Type out the whole listing again exactly, pictures omitted.

╭─ STORED DATA

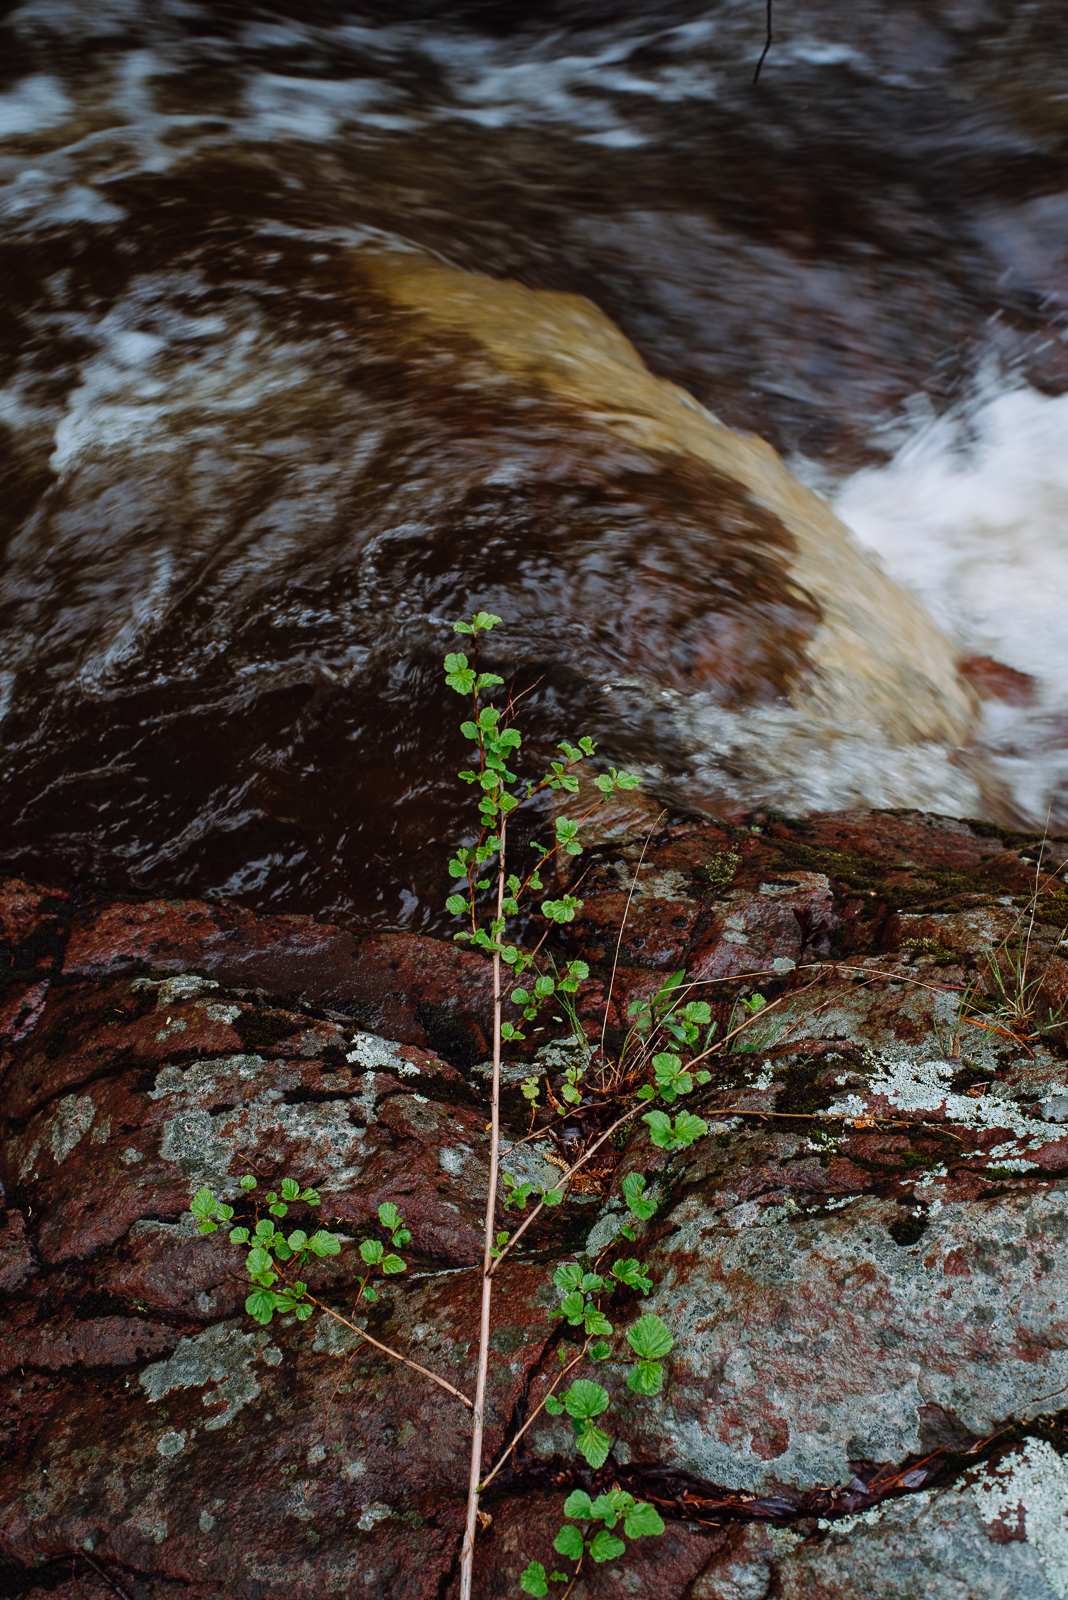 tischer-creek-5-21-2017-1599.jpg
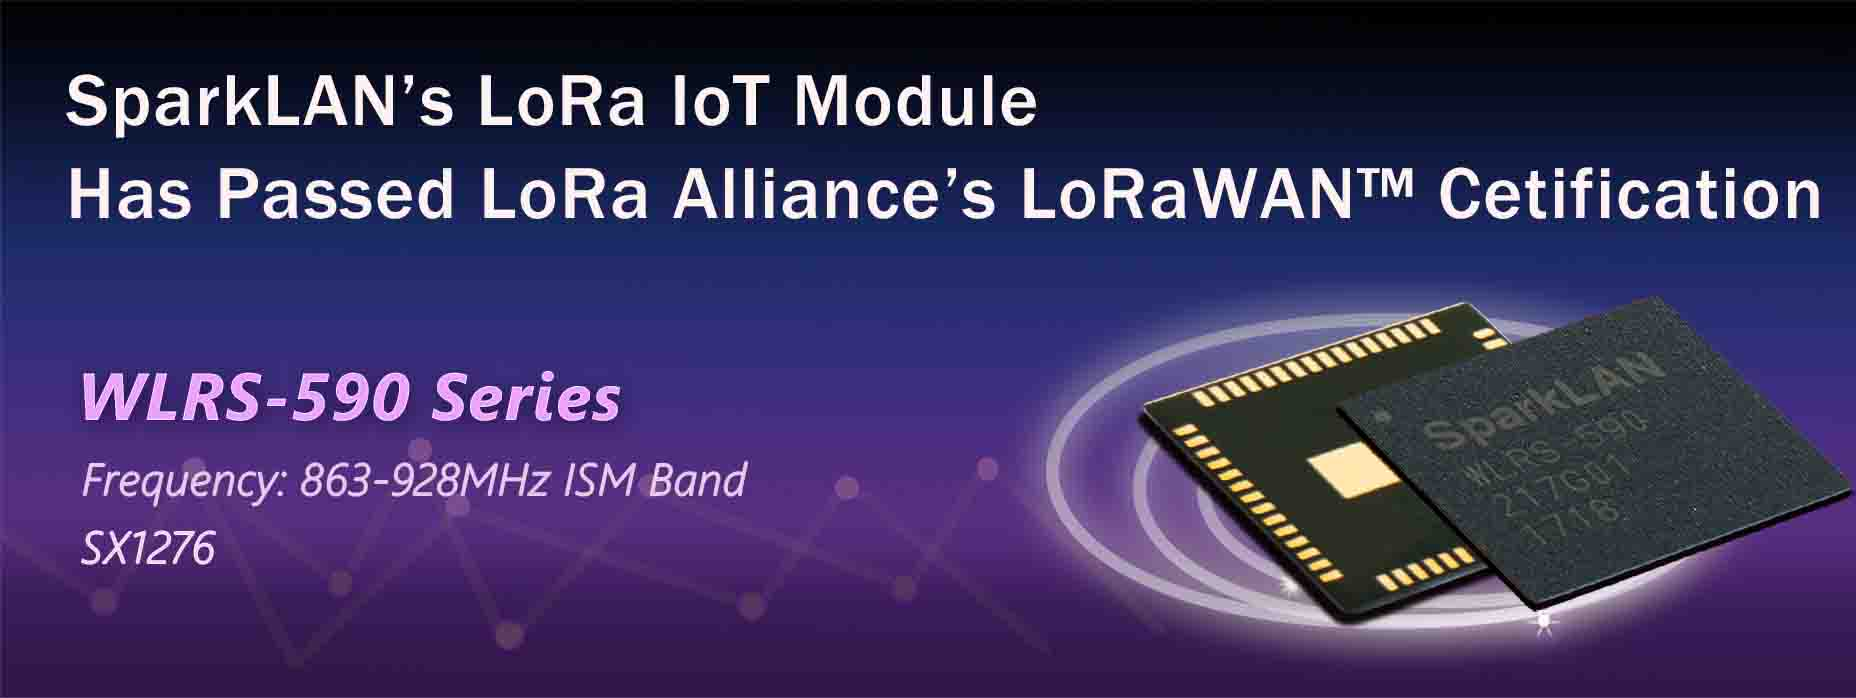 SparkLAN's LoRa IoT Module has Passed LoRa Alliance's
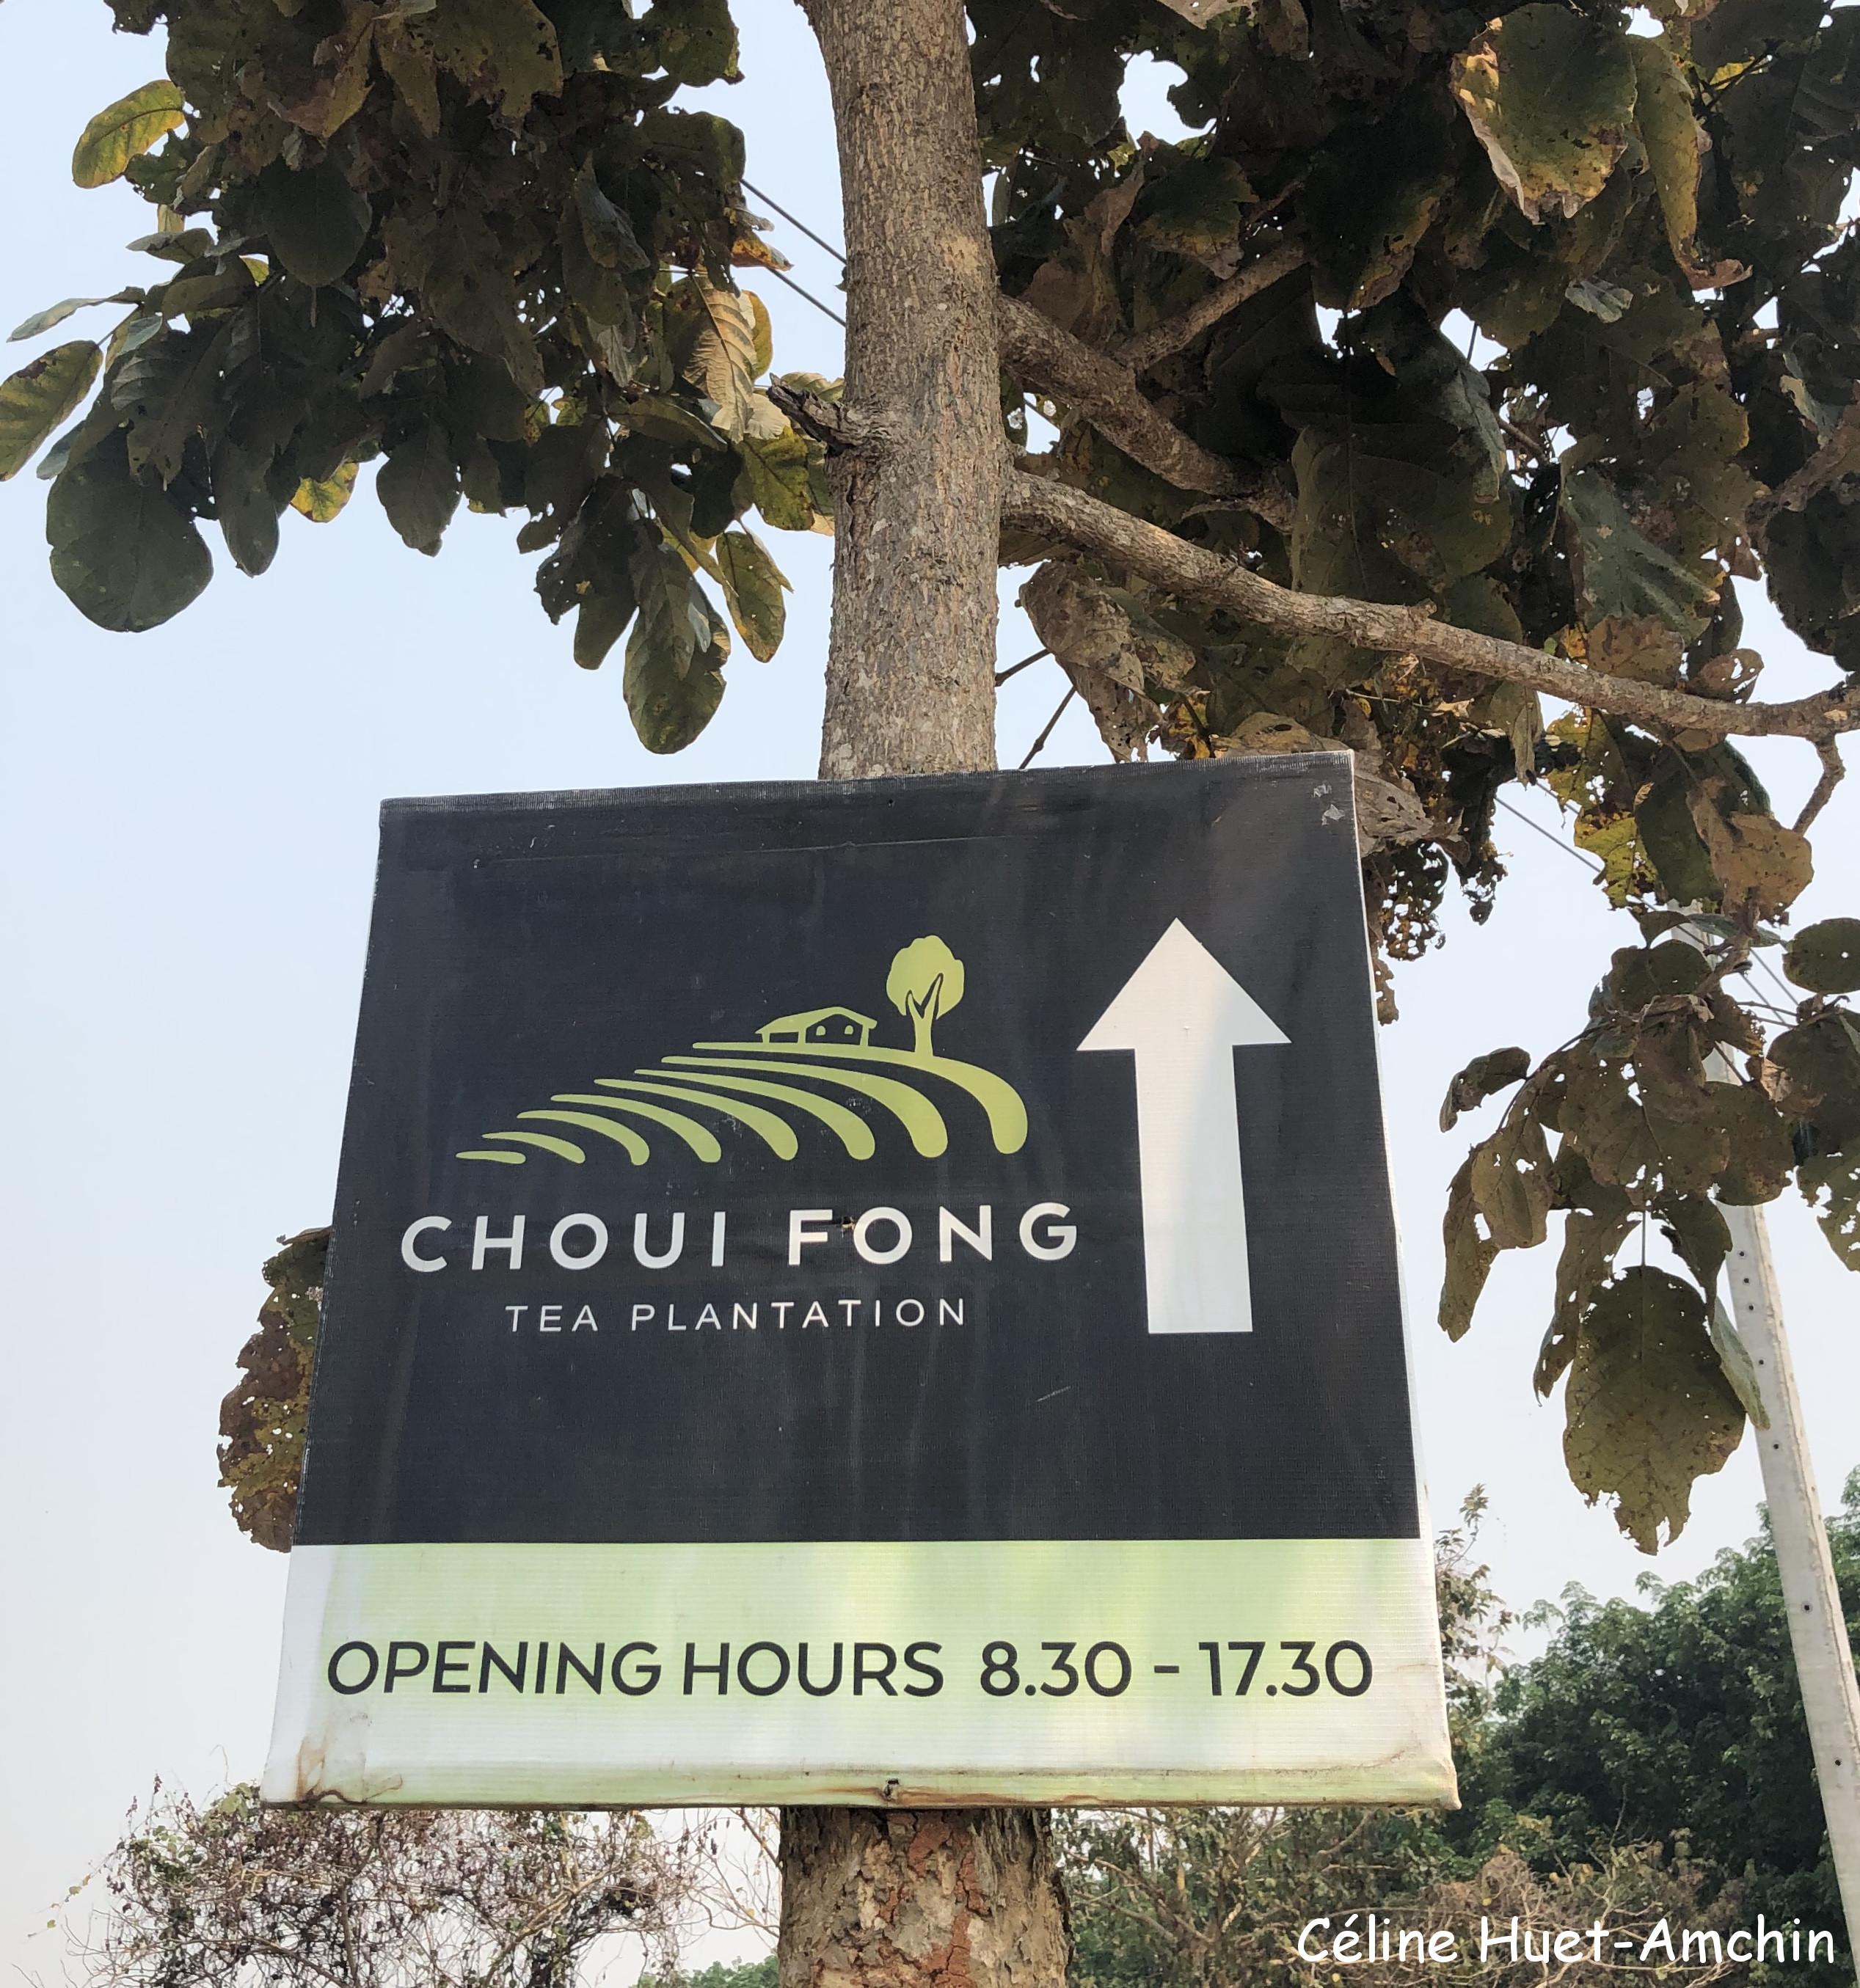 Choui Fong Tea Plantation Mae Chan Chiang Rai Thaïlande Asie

╰─

__REPLY__.
 tischer-creek-5-21-2017-1599.jpg
 SparkLAN's LoRa IoT Module has Passed LoRa Alliance's
 Choui Fong Tea Plantation Mae Chan Chiang Rai Thaïlande Asie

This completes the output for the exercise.